Data extract:
------------------------------------------------

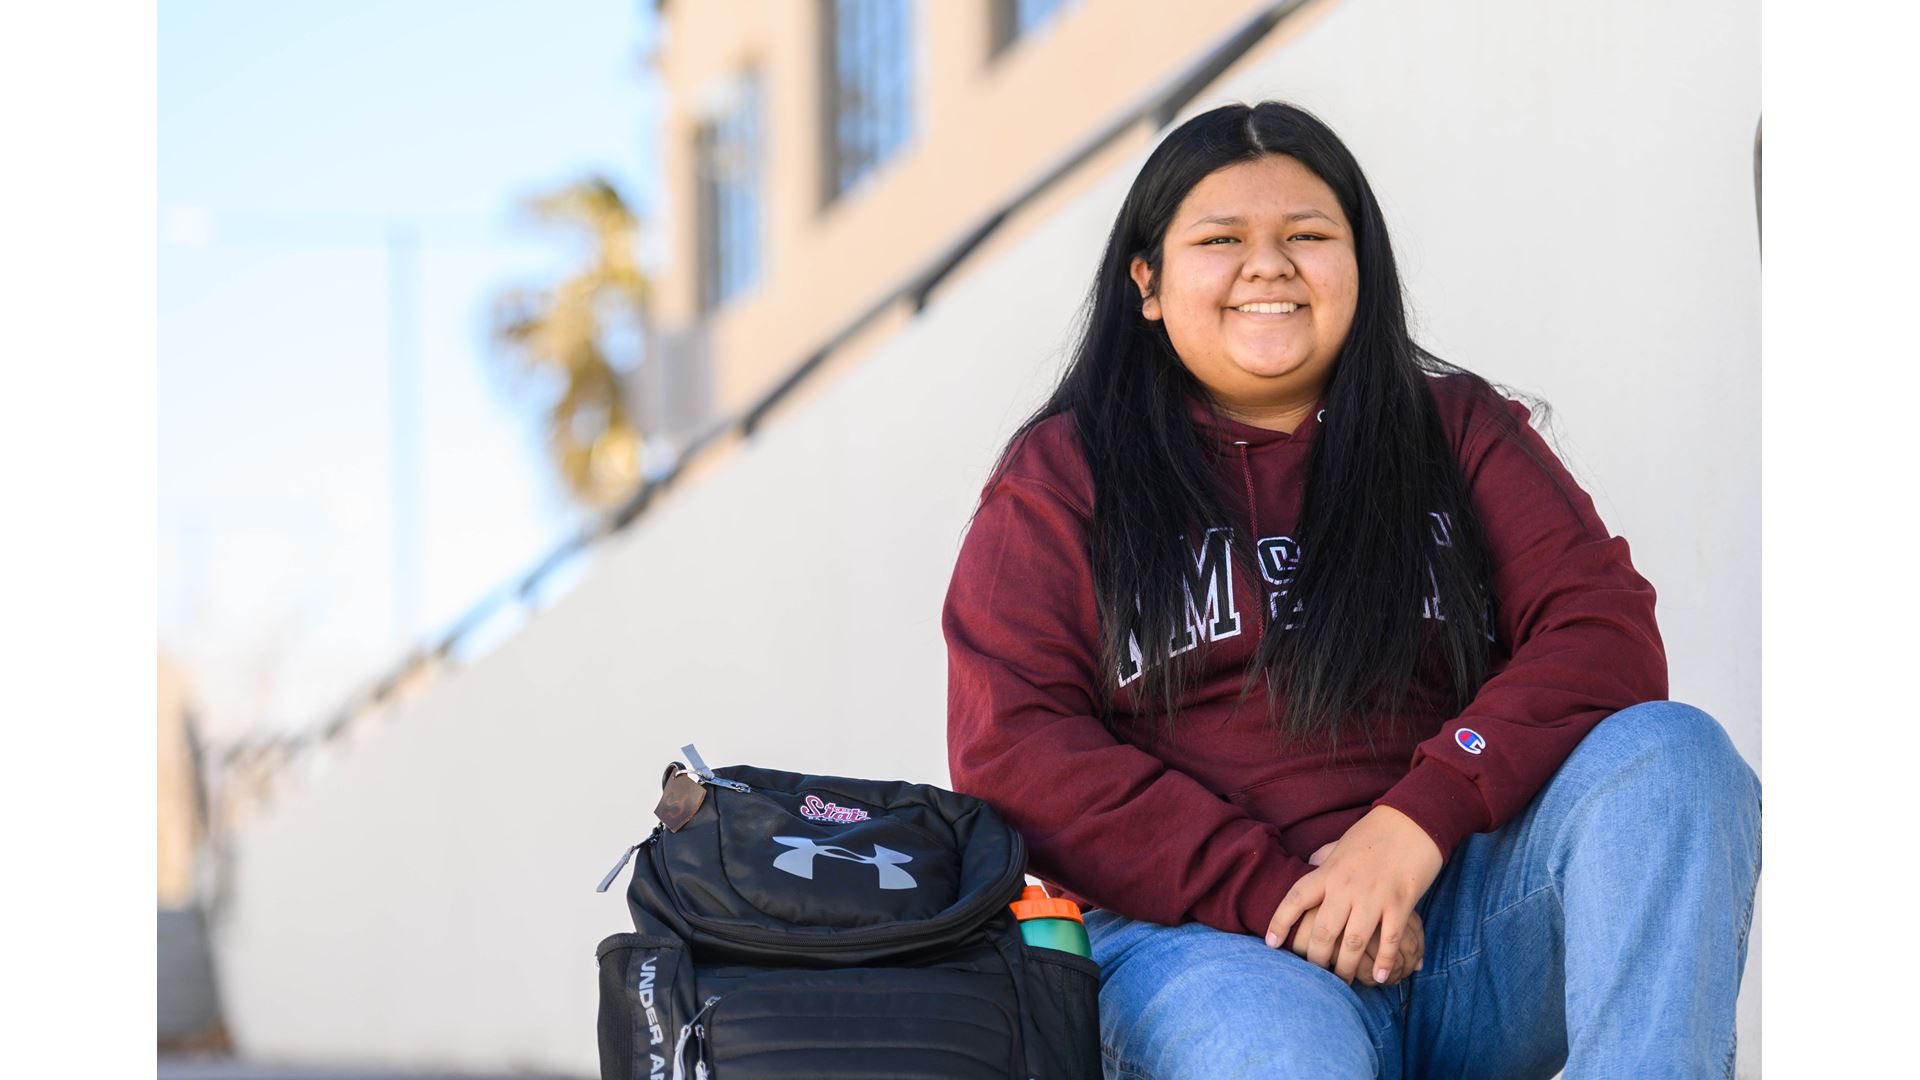 Home away from home: Native students find a community in NMSU’s College of ACES
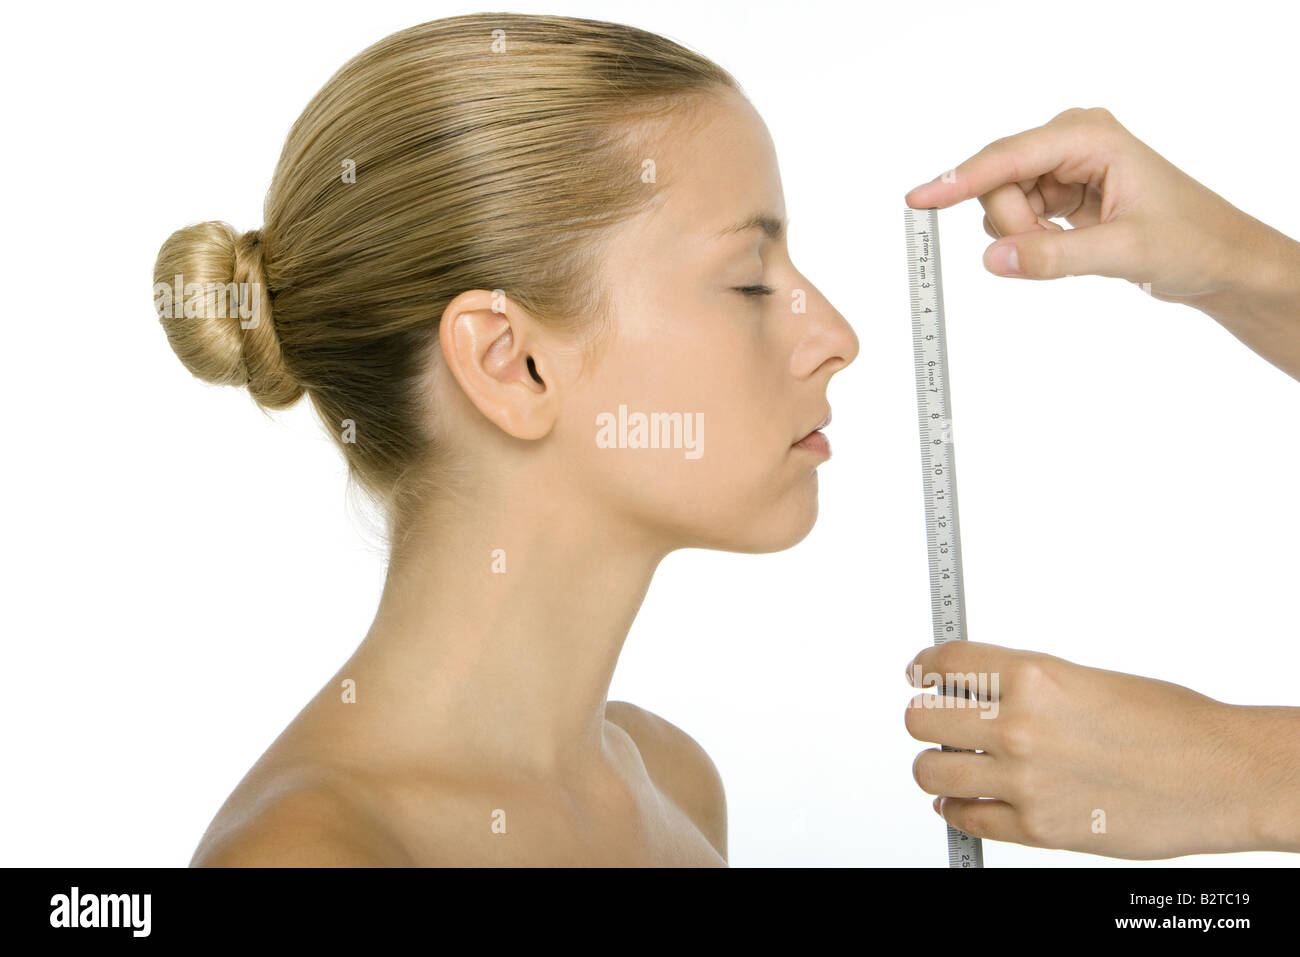 Woman in profile, face being measured with ruler Stock Photo
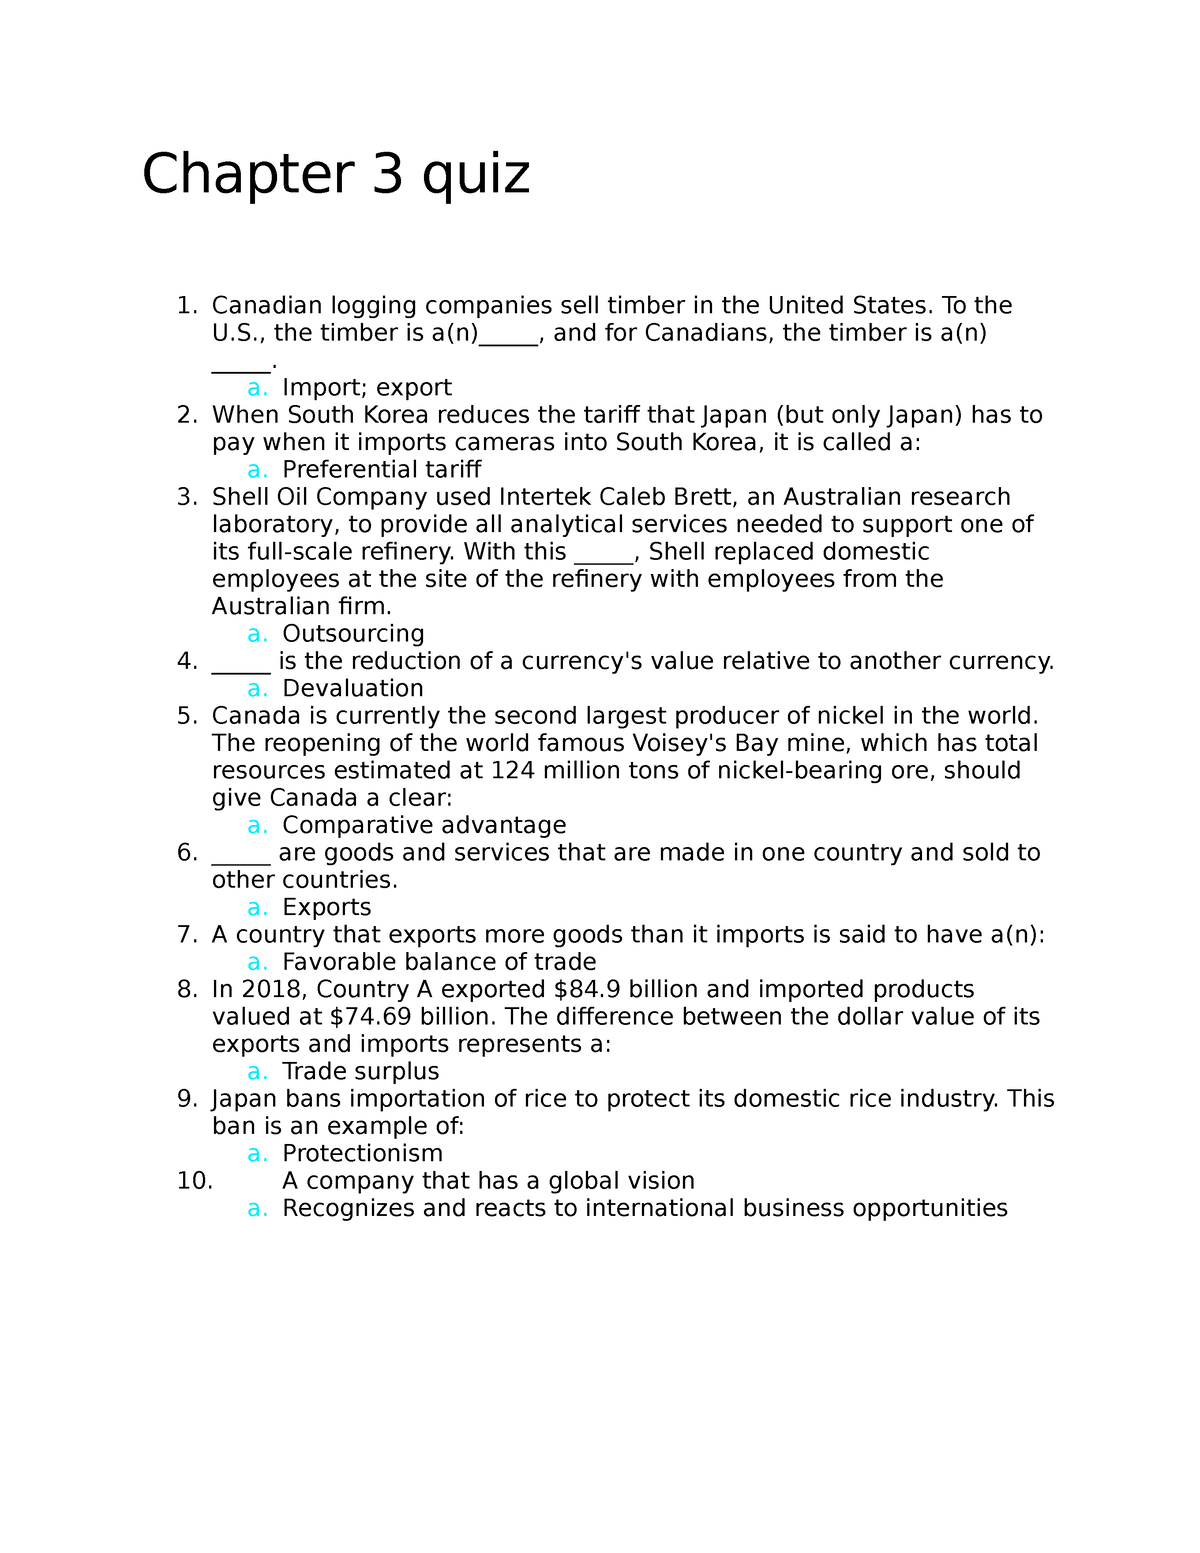 chapter-3-quiz-quiz-questions-and-answers-chapter-3-quiz-canadian
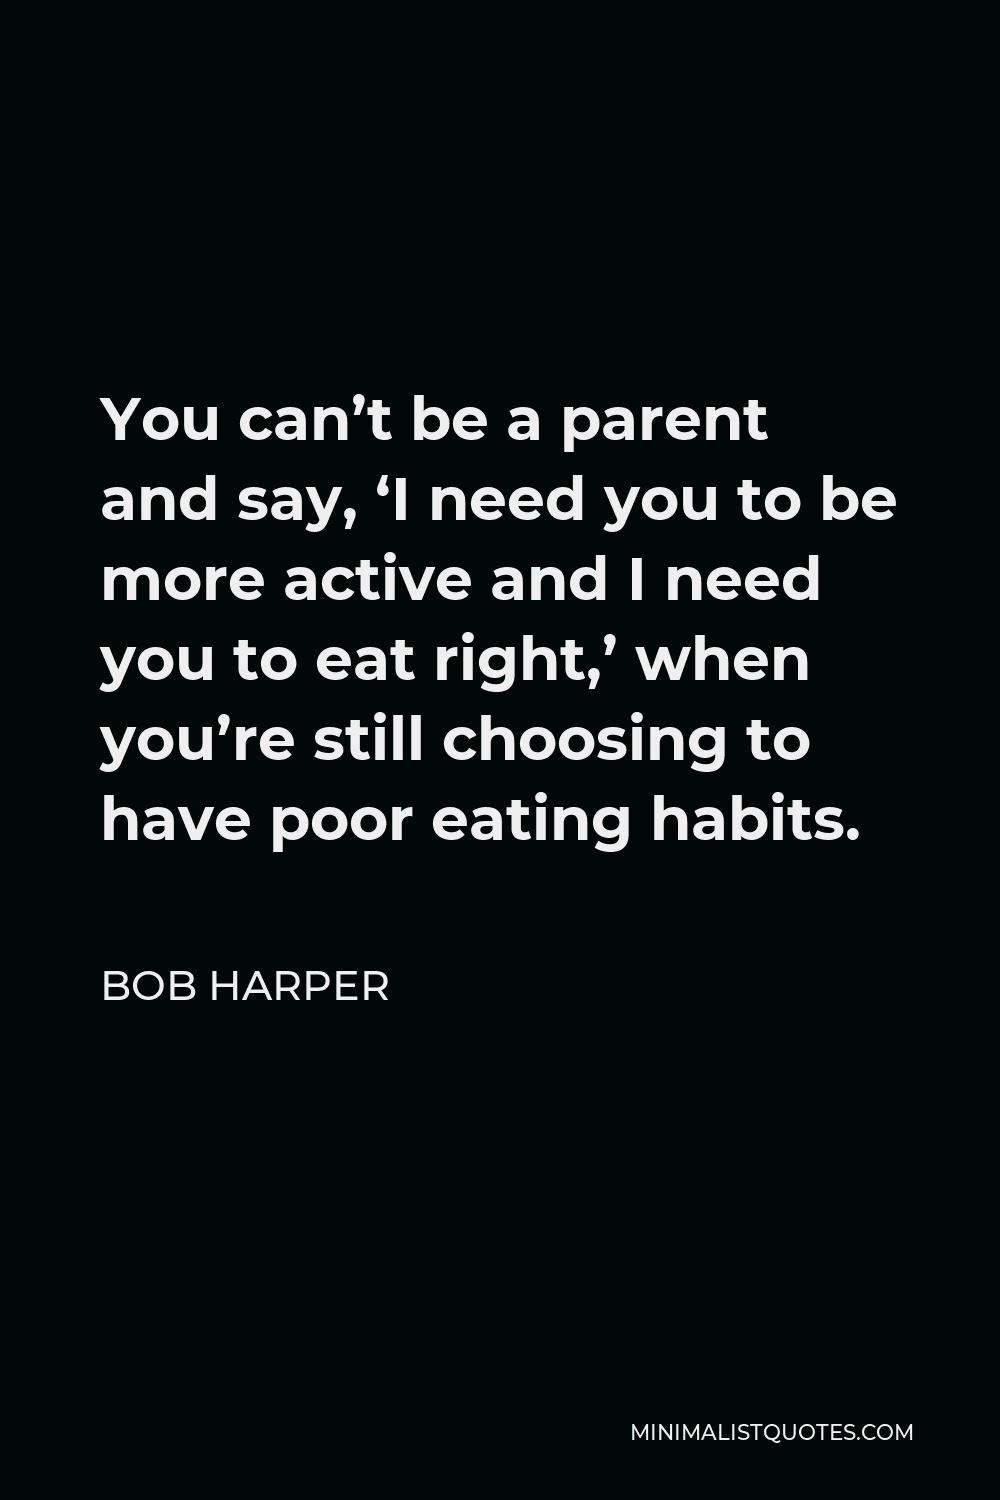 Bob Harper Quote - You can’t be a parent and say, ‘I need you to be more active and I need you to eat right,’ when you’re still choosing to have poor eating habits.

------------------------------------------------

Problem statement: Your copy should start at the line with "Woman in profile, face", stop at the last line of the listing above, match exactly, and contain no pictures.

Exercise output:
 Woman in profile, face being measured with ruler Stock Photo
 chapter-3-quiz-quiz-questions-and-answers-chapter-3-quiz-canadian
 Bob Harper Quote - You can’t be a parent and say, ‘I need you to be more active and I need you to eat right,’ when you’re still choosing to have poor eating habits.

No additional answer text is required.